Pete could hear the ache in Dale’s voice, as though his throat had grown too thick to say more than he had.

But behind those two words was more–everything that had always shone out of Dale’s blue eyes. Affection. Acceptance. Forgiveness. Love. Most of all love, all of it. Every bit of it. As though the words they’d never said to each other had been packed carefully away, staying safe over the years, held for just this moment to be spoken. Only it was too much, too much to be said aloud, at least not yet, not just yet.

He felt the rasp of Dale’s beardgrowth scratch along the side of his face, and then a kiss, warm, plush lips tenderly pressed to his temple. Pausing, a start of hesitation from Dale’s body as if he feared he’d done too much, risked too much. Loved too much.

“Dale.” Pete whispered the name against Dale’s strong neck, curled his head down to brush his forehead to the hard muscle, then swept a kiss to Dale’s collarbone where it rose amidst a rumple of flannel shirt. “I’ve missed you,” he said, almost a whisper. “Over and over, I missed you, and now I’ve come back, but my life’s a mess and I’ve got kids and I don’t know–”

“Of course,” said Dale, not hesitating to say it when Pete paused. “You’ll stay with me. You and the girls. Starting from now. I can’t wait to get to know them, and I can’t wait for it all to be like I imagined it–”

“You imagined it?” Pete looked up, touched a hand to Dale’s jaw. His fingers trailed Dale’s mouth, his lower lip, tickling the tips of his fingers around the corner of that mouth that was starting to curve into a slow smile.

“Yeah.” Dale’s voice was low and quiet, and the word yeah was said with such certainty that the force of it sank into Pete’s whole body. The room was starting to swim around him, but he could feel Dale’s warmth, the hardness of bone along his jaw,the scratch of beardgrowth, the whisper of a kiss to his fingers. “Just like this. A farm. A small herd of very good cattle–”
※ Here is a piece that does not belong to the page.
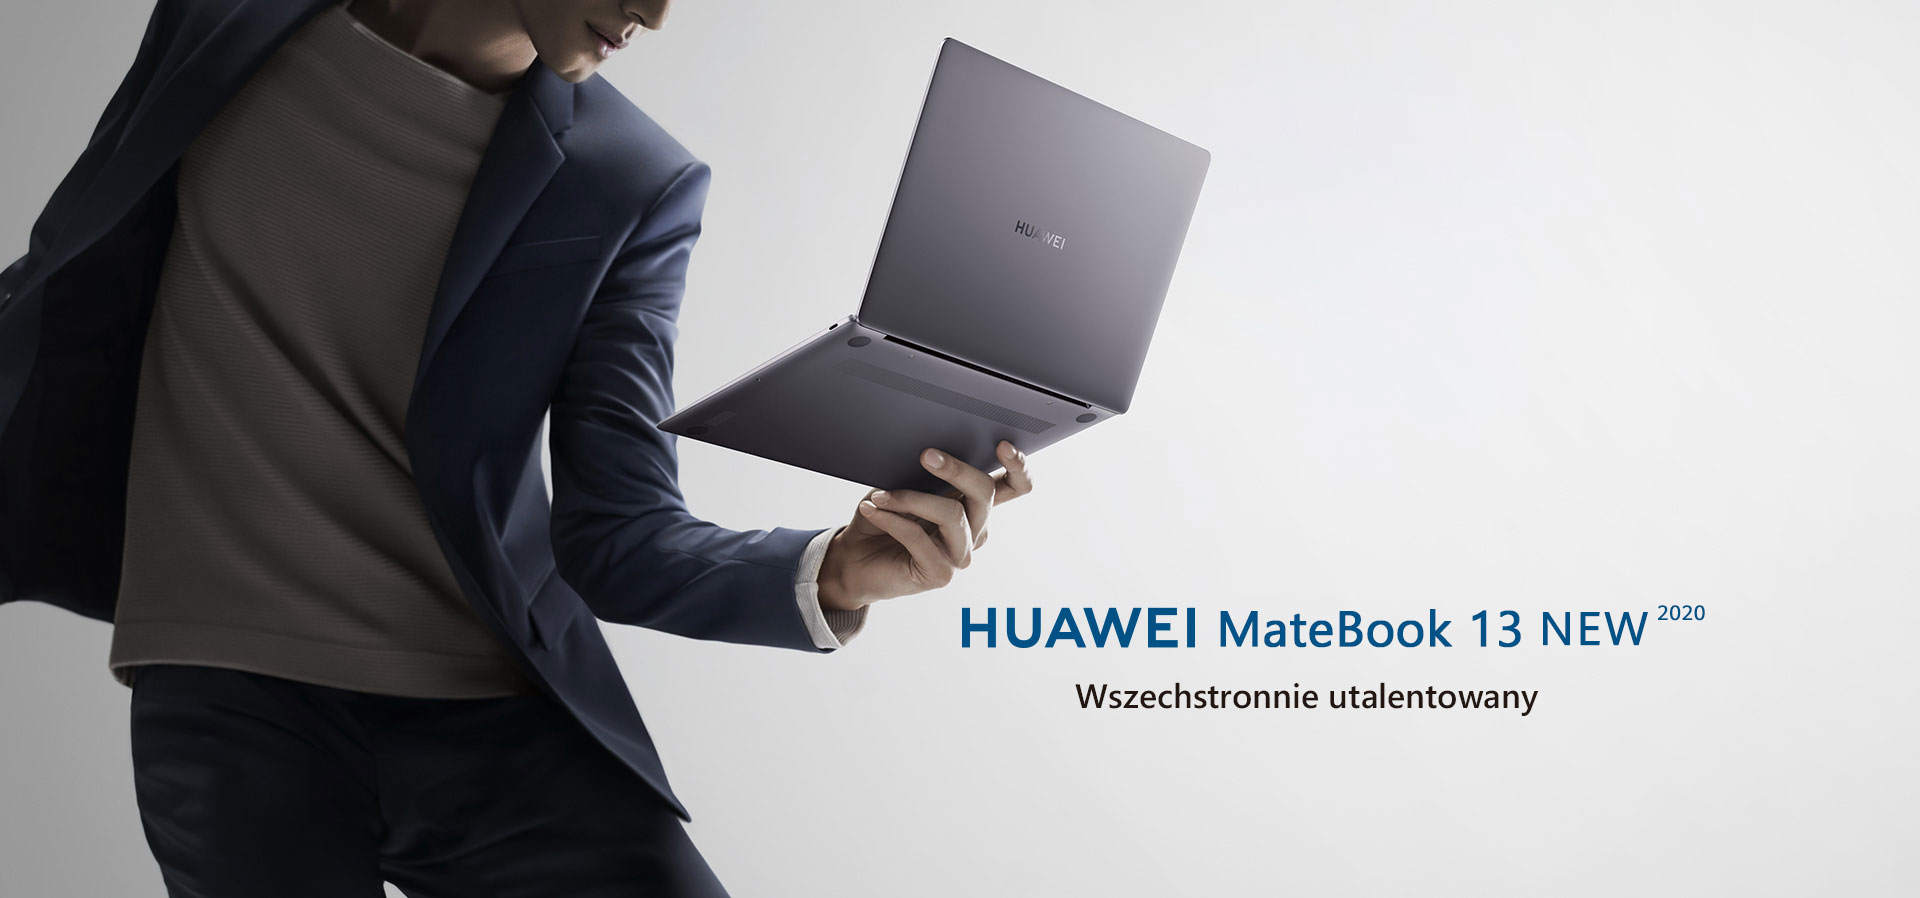 Huawei MateBook 13 2020 laptop
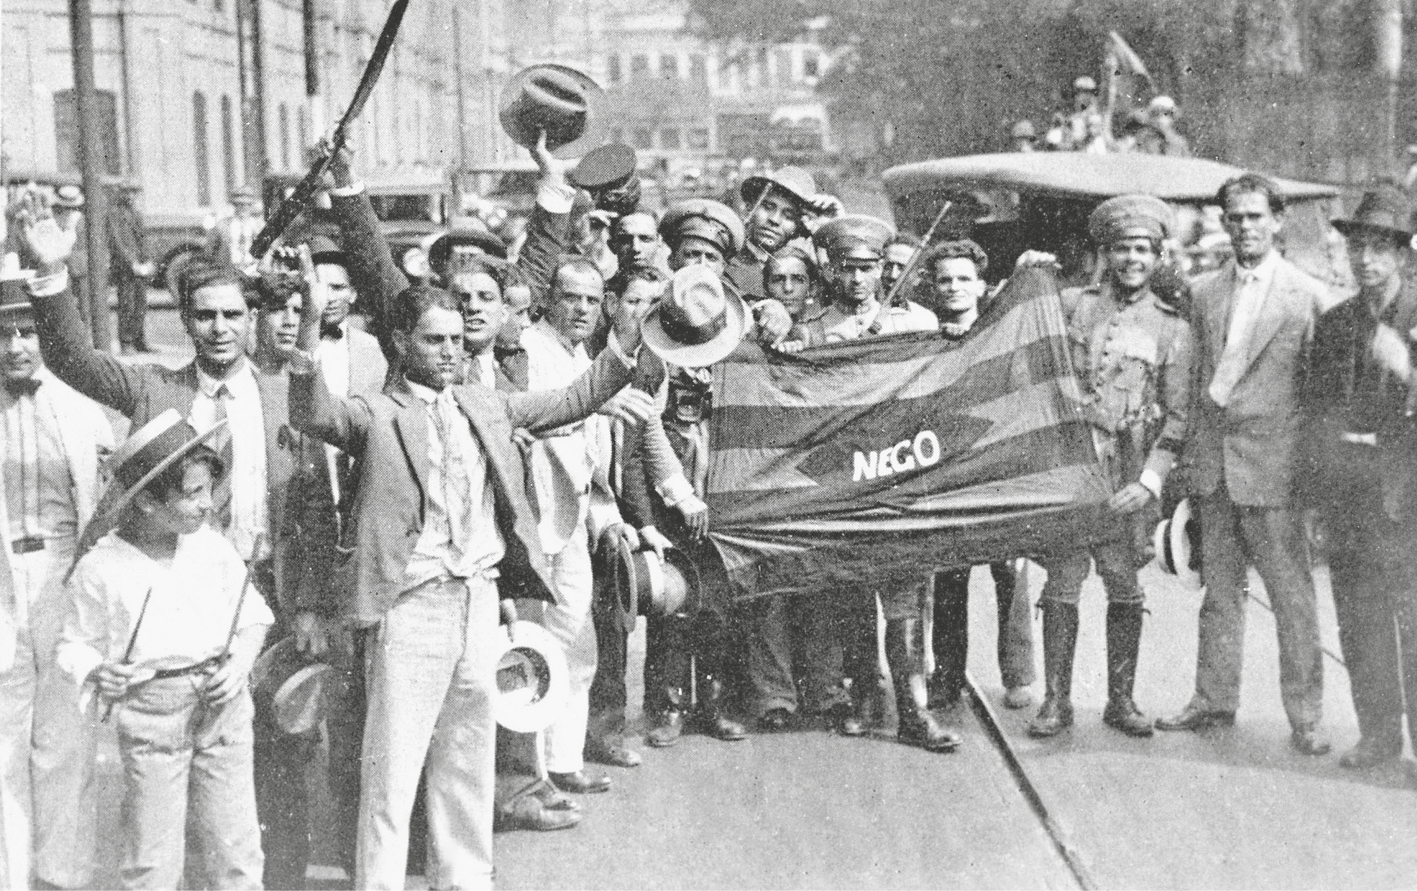 Fotografia em preto e branco. Manifestantes na rua, agrupados, segurando uma bandeira com listras horizontais e a palavra NEGO no centro. Alguns estão com os braços erguidos.

“Gelbvieh cattle,” said Pete, interrupting.

“You remembered,” said Dale, pleased wonder in his voice.

“Of course I did,” said Pete. “Tell me what else you imagined.”

“A little white farmhouse, complete with an old fashioned windmill drawing up water from a pure, clear well.” Dale paused and cleared his throat, his solid arm around Pete like a beautiful proud angel. “And a family around a farmhouse table. Which I don’t have–” Dale stopped again and then gestured to the kitchen counter and the two barstools placed along its length. “Hadn’t needed one, seeing as it was just me I was cooking for. But now–”

Pete squinted where Dale had gestured, but either the room was too dark or he was too doped up to be able to focus, for all he could see was Dale’s face, the profile of his jaw, the darkness beyond his arms.

“Now, I’m going to need to buy one or build it–”

“You could build us a table?” Pete asked, not allowing himself to question that what Dale was talking about was anything other than a true marriage proposal.